Publié le par la freniere


Il y a des hommes sur la terre qui se demandent où aller.

Il y a toujours des enfants qui rient, des enfants qui pleurent,

des femmes qui ont faim, des hommes qui ont soif.

Il y a des hommes qui crèvent la baudruche des rêves.

Il y a des marionnettes qui ne tiennent qu’à un fil,

des répondeurs pour les appels solitaires,

des caravanes perdues qui cherchent le désert.
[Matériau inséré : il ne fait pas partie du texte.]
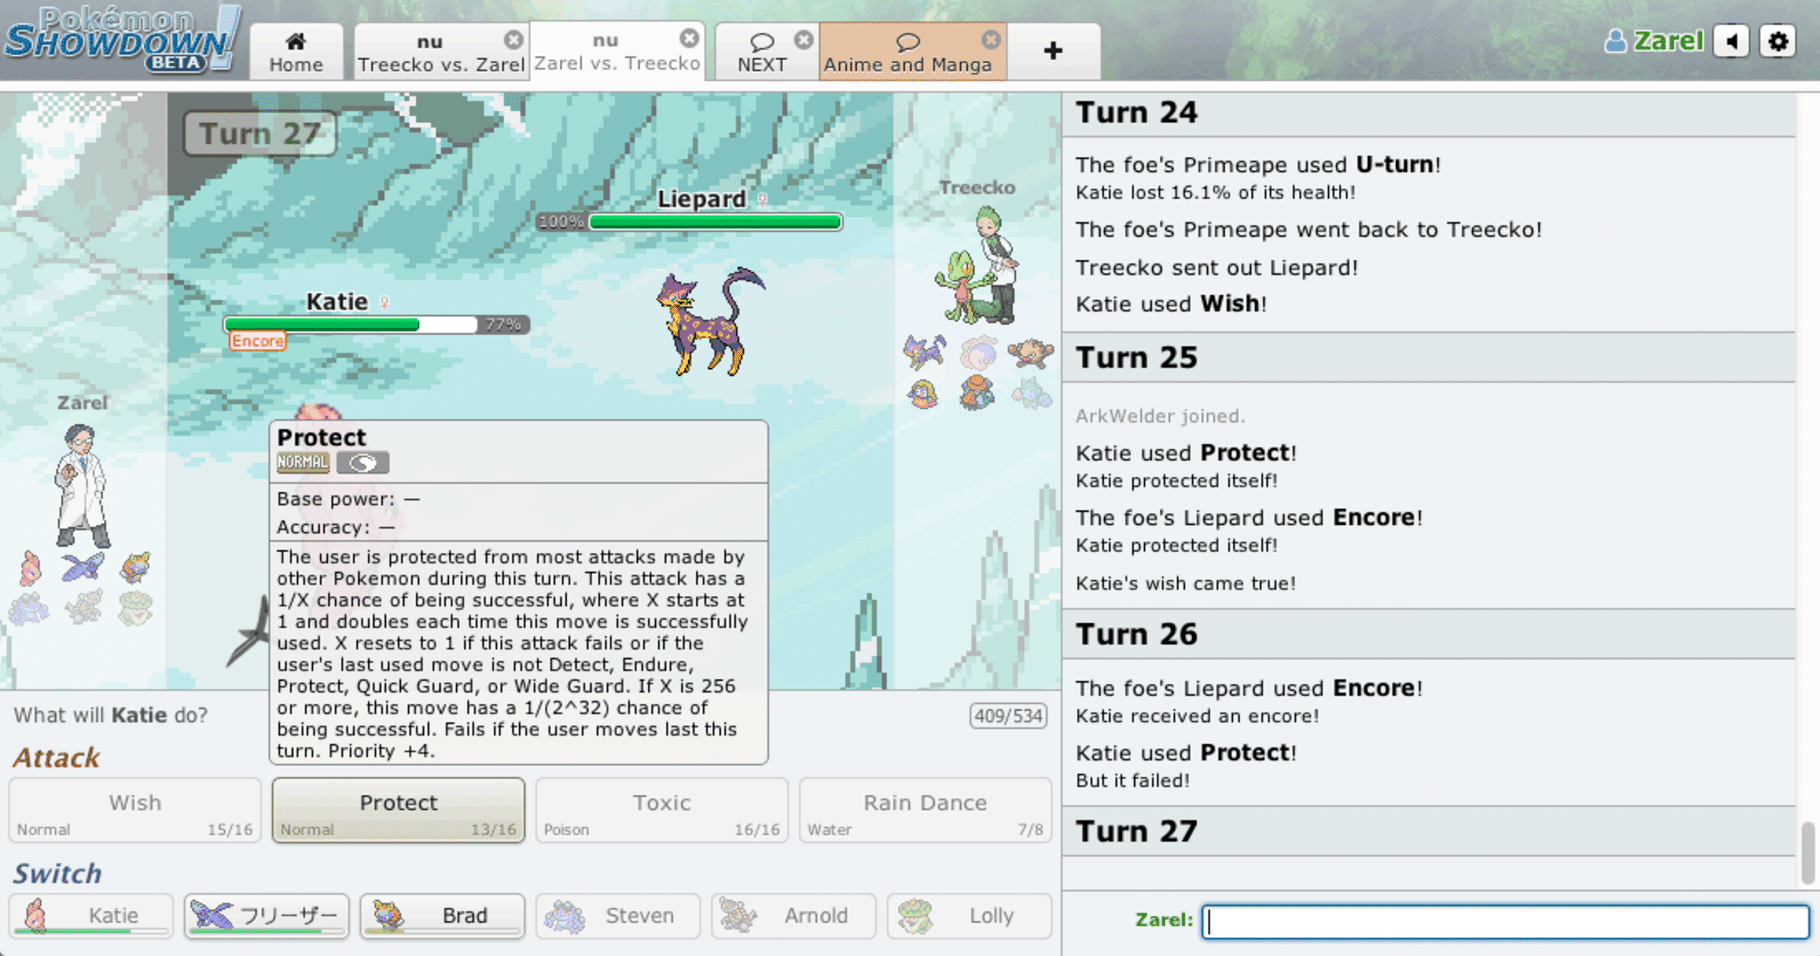 On Pokemon Showdown's teambuilder UI

Il y a des voyageurs qui ne partent jamais,

des banquiers prédateurs qui volent à notre secours

des laissés pour compte sans un dernier recours.

Il y a toujours des morts à l’appel du drapeau,

des hommes innocents derrière les barreaux,

des milliards d'otages sous les courbettes du fric,

des hommes déracinés sur la carte du monde.

Il y a des vraies larmes sous le masque d’un voile,

des blessures cachées derrière les apparences,

des doigts trop courts pour la grande main du pain.

Il y a des emmurés dans leurs propres ténèbres,

des rêves d’aventure que le salaire étouffe.

Il y a des hommes sur la terre en quête d’une source

qui ne soit pas un Dieu, un pays, un veau d’or.

Il y a des hommes sur la terre qui se demandent quoi semer.

Il y a des hommes aussi qui ne demandent qu’à s’aimer.